As HCV-positive sera contain various concentrations of antibodies and HDLs, we used antibodies purified from HCV-positive sera and purified HDLs in our neutralization assay. The neutralizing activity of anti-HCV antibodies was analysed in the presence or absence of HDLs. As shown in Fig. 1(b, c), the neutralizing activity of anti-HCV antibodies on HCVpp and HCVcc entry was reduced strongly in the presence of HDLs. Interestingly, the presence of HDLs always enhanced the infectivity levels of HCVpp by approximately three times (Fig. 1d). In addition, this enhancement of infectivity was very similar for all of the antibodies tested, whether they were neutralizing or not (Fig. 1d). Similar data were obtained by using HCVpp bearing E1E2 from different genotypes (data not shown). These data suggest that the constant enhancement obtained in the presence of HDLs may be related to a constitutive action of HDLs on target cells, independently of HCVpp neutralization by antibodies. This is in agreement with the absence of interaction between HDLs and HCVpp (Voisset et al., 2005).

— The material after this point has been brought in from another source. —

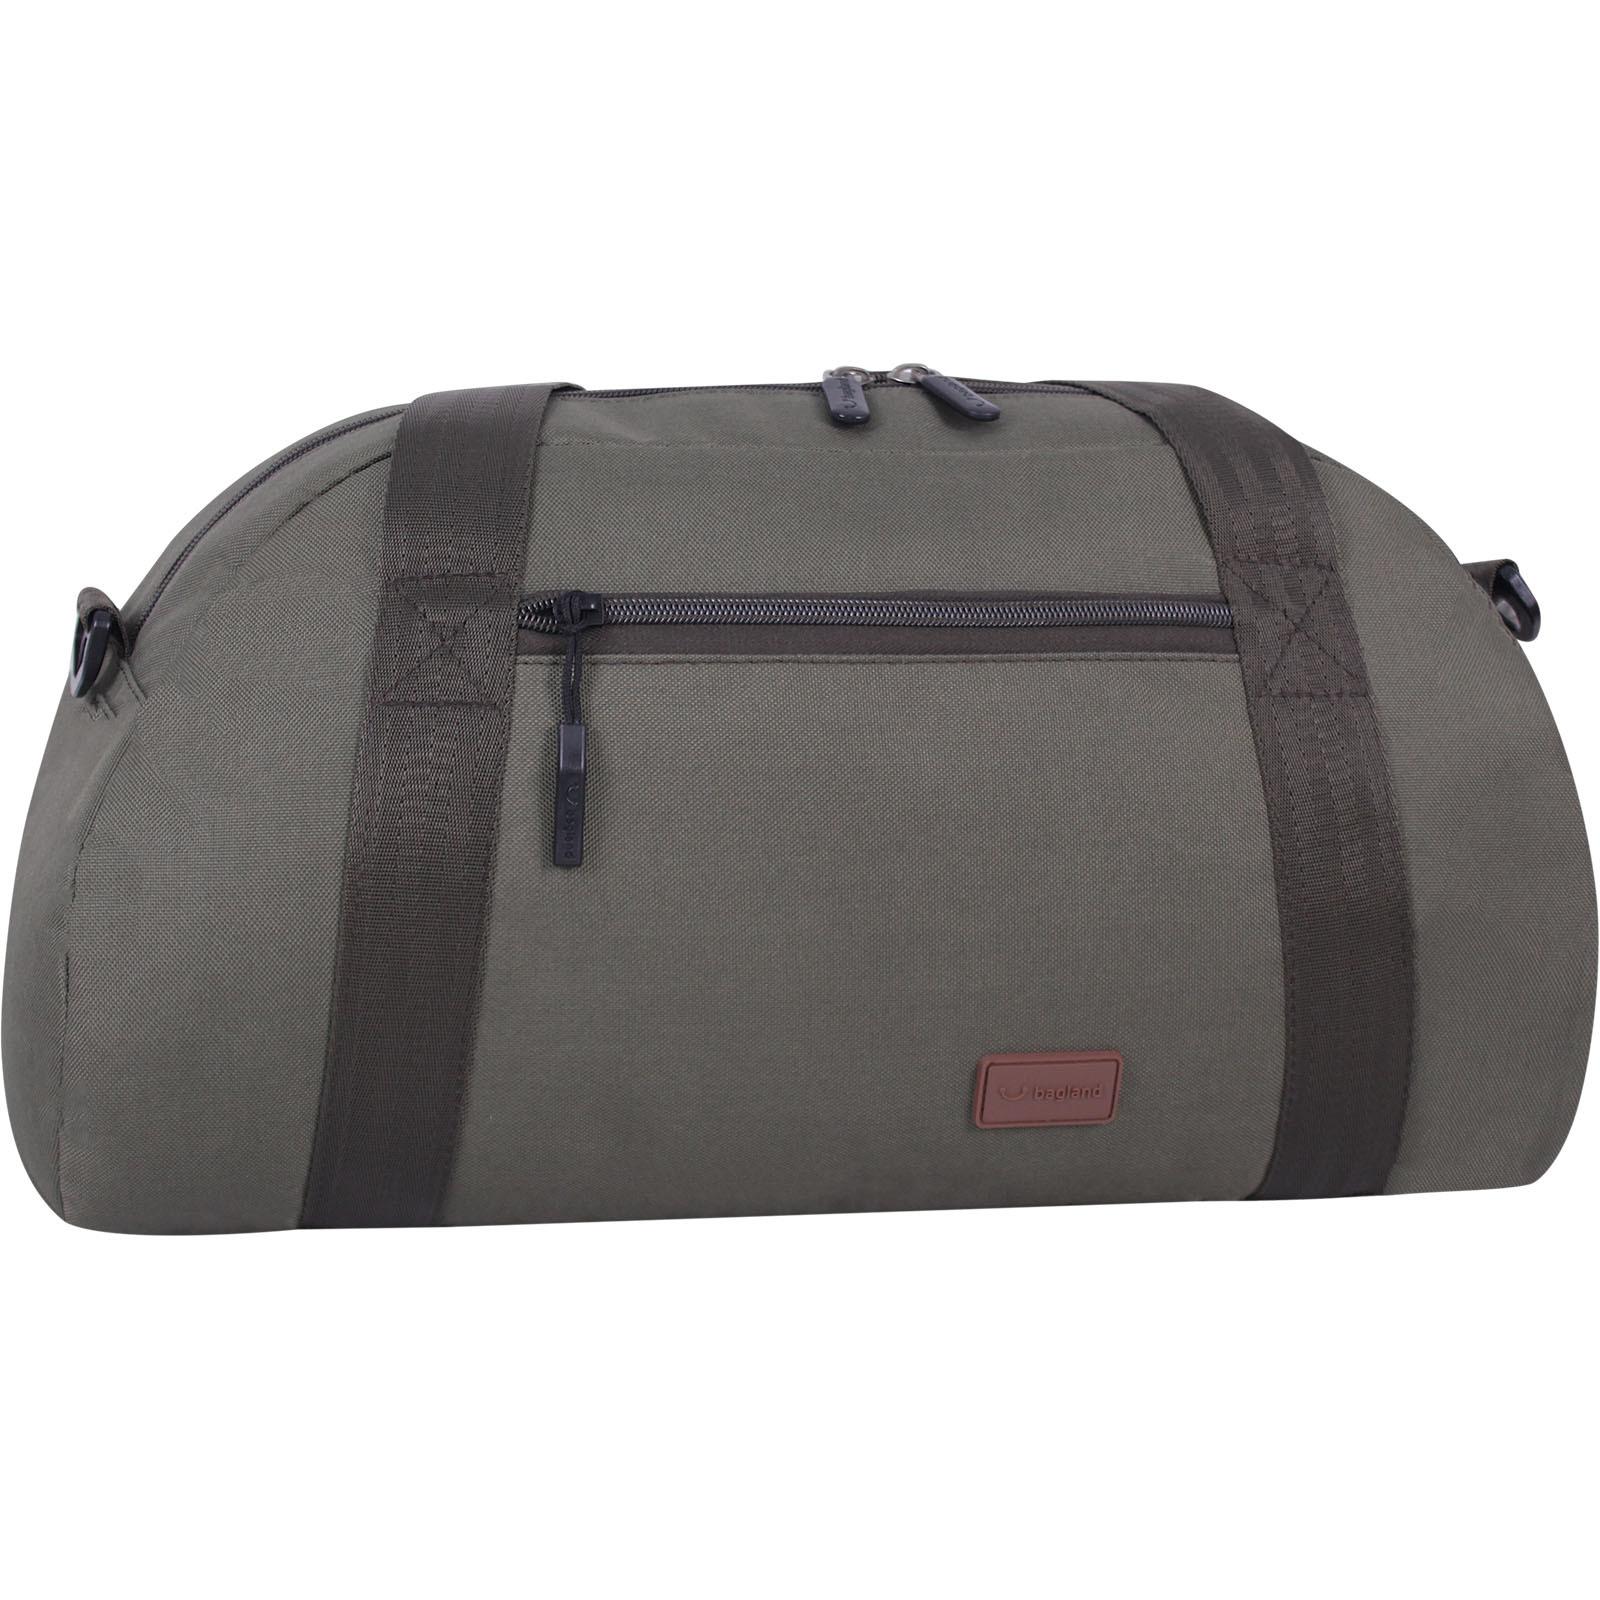 Спортивные сумки Сумка Bagland Oblivion 27 л. Хаки (0037366) IMG_6310-1600.jpg

To further investigate the mechanism of HDL-mediated attenuation of neutralization, we knocked down SR-BI expression. HDLs are indeed a physiological ligand of SR-BI (Rhainds & Brissette, 2004). RNA-interference experiments were done as described previously (Voisset et al., 2005). SR-BI-specific small interfering RNA (siRNA) downregulated SR-BI expression to approximately 70 % compared with the negative-control siRNA (data not shown). As observed previously (Voisset et al., 2005), when a specific siRNA against SR-BI was used, HCVpp infectivity was not affected in the absence of HDLs, whereas HDL-mediated enhancement of infectivity was reduced strongly (Fig. 2a). This contrasts with another study showing that silencing of SR-BI expression reduces HCVpp infectivity (Lavillette et al., 2005b). The discrepancy between these data may potentially be explained by differences in the levels of downregulation of expression of SR-BI in these experiments. Indeed, one cannot exclude the possibility that HCV requires only very small amounts of SR-BI to enter target cells. Interestingly, when SR-BI expression was downregulated, the efficiency of neutralization of sera was increased markedly and reached neutralization levels similar to those obtained with purified antibodies in the absence of HDLs (Fig. 2a). To further investigate the role of SR-BI in HDL-mediated attenuation of neutralization, we also analysed the effect of BLT-4, a drug known to block SR-BI-mediated selective uptake of HDL lipids (Nieland et al., 2002). This compound has also been shown to strongly reduce the HDL-mediated enhancement of HCVpp entry (Bartosch et al., 2005; Voisset et al., 2005). Interestingly, when the cells were treated by BLT-4, HCVpp were neutralized more efficiently by antibodies from HCV-positive patients, despite the presence of HDLs (Fig. 2b). These data indicate that HDL-mediated attenuation of HCVpp neutralization is dependent on SR-BI and its selective lipid-uptake property. In addition, they also show that HDL-mediated facilitation of HCVpp entry and attenuation of neutralization are two related phenomena.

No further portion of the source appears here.